Non-rabbinic intellectual understanding of the importance of God

The concept of Supreme Power over us the humans called God is vital for our human wellbeing. It is vital even for those who call themselves atheists. It is vital mainly not for the purpose of praying to God and asking for guidance and favors but most importantly for accepting God as the unchallenged source of our moral rules, which cannot be changed by us the humans.
That is why it is difficult for me to understand the reason for an orthodox rabbi Donniel Hartman to dethrone God from the first to the second place in Judaism.
From the news media:
Donniel Hartman, the head of an orthodox educational powerhouse, Shalom Hartman Institute, argues that the great monotheistic religions are fatally flawed — by an obsessive focus on God that overwhelms what should be our prime imperative, to live decent, moral lives.
Donniel Hartman insists his resonant call to put God second is not some superficial provocation. Rather, it is issued out of a conviction that “the more we put ethics first, the more I am a religious person” and the less that God is “a destructive force in our lives.”
The rabbi Hartman’s innovations are what indeed we need in Judaism and in other religions, for Jews and Gentiles, namely – to teach how to live decent, moral lives and how and why to put the ethics first. That is indeed necessary and long overdue – to bring back the true meaning of the duties of the Chosen, which are to build a better world for everybody with everybody – the world where the complete majority can live decent, moral lives along the lines of Torah/Bible guidance. However, to do all that we need to have God at the first place in our lives.
In order to decide whether we live decent, moral lives we have to define common basic characteristics of decency and morality. Those characteristics have to be alike for Jews and Christians of different spiritual streams from the ultra-Orthodox to the ultra-Atheists. In the Judeo-Christian world, without One God at the first place with His Torah/Bible-codified rules for decent, moral behavior, it is impossible to have decent, moral lives. The current rules for “decent, moral behavior” are different for many Jewish communities as well as for many Christian communities.
Here are just a few examples. Some believe in the decency of socialism-inspired redistribution of wealth with the “helping hand” of the government while the others support free-market capitalist system with the mitzvah/charity helping hands. Some believe in the absolute morality of “do not do to the others what I do not want to be done to me” while the others consider to be just the severe punishment of devilish people. Some believe that only a family of man-woman-children is decent and moral while the others do not see anything wrong with a gay family. Some believe the decency demands considering a person to be Jewish if he himself believe so while the others trust in a rabbi’s decision on the Jewishness.
Thus, what principles are decent and moral enough to be used for building a better world for everybody, even for everybody inside the Jewish nation? I do not see any other approach but – in the course of competitive spiritual and peaceful discussions – to find it in the guidance of God at the first place.

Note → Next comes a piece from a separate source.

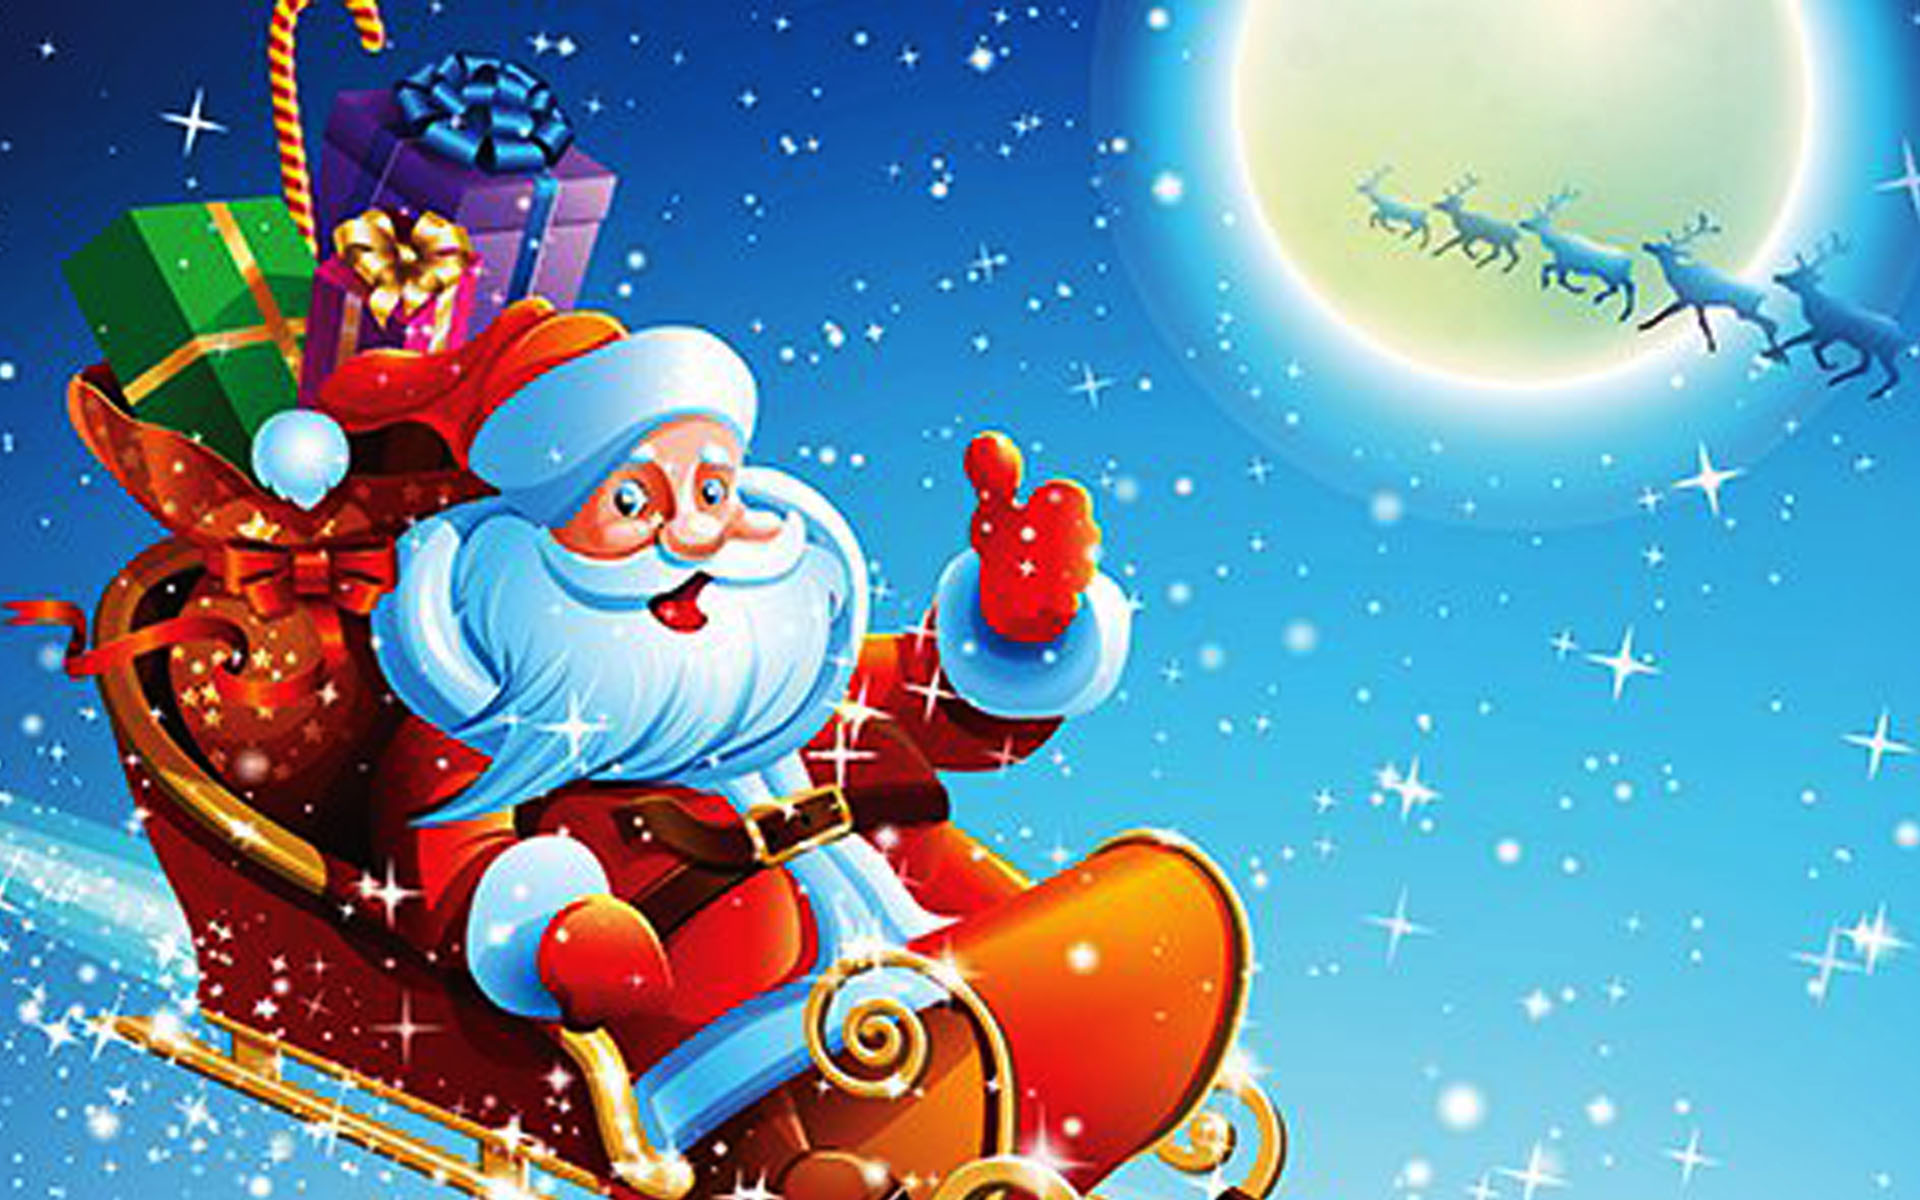 Historia Papa Noel - Santa Claus In A Sleigh (#1122948) - HD Wallpaper ...

The history tried to do it without God as was done for example in Stalin’s Russia, in Hitler’s Germany and in Mao’s China and the result was millions and millions of murdered people.
From the news media:
An Israeli rabbinical court did not accept a conversion by an Orthodox rabbi who also helped Ivanka Trump become Jewish.
In the latest case exemplifying the tension between Israel’s rabbinate and Orthodox groups in the Diaspora, a religious court prevented the marriage of an Israeli man and an American woman, who converted under a well-respected New York rabbi, Haskel Lookstein.
And in an unusual twist, which has brought the case into the limelight, Lookstein is also the rabbi who converted Ivanka Trump and officiated at her wedding to Jewish real-estate scion Jared Kushner, an advisor for presumptive Republican nominee Donald Trump.
That is one more example of bad moral rabbinical prescripts as the result of removing God from finding proper Torah/Bible-guided decisions.
At Mount Sinai, some human tribe had become Jewish since it decided to follow the God’s prescriptions on “decent, moral lives”. If somebody decides now to follow these prescriptions, this person is Jewish by God’s definition, and no human rabbinical court can change it.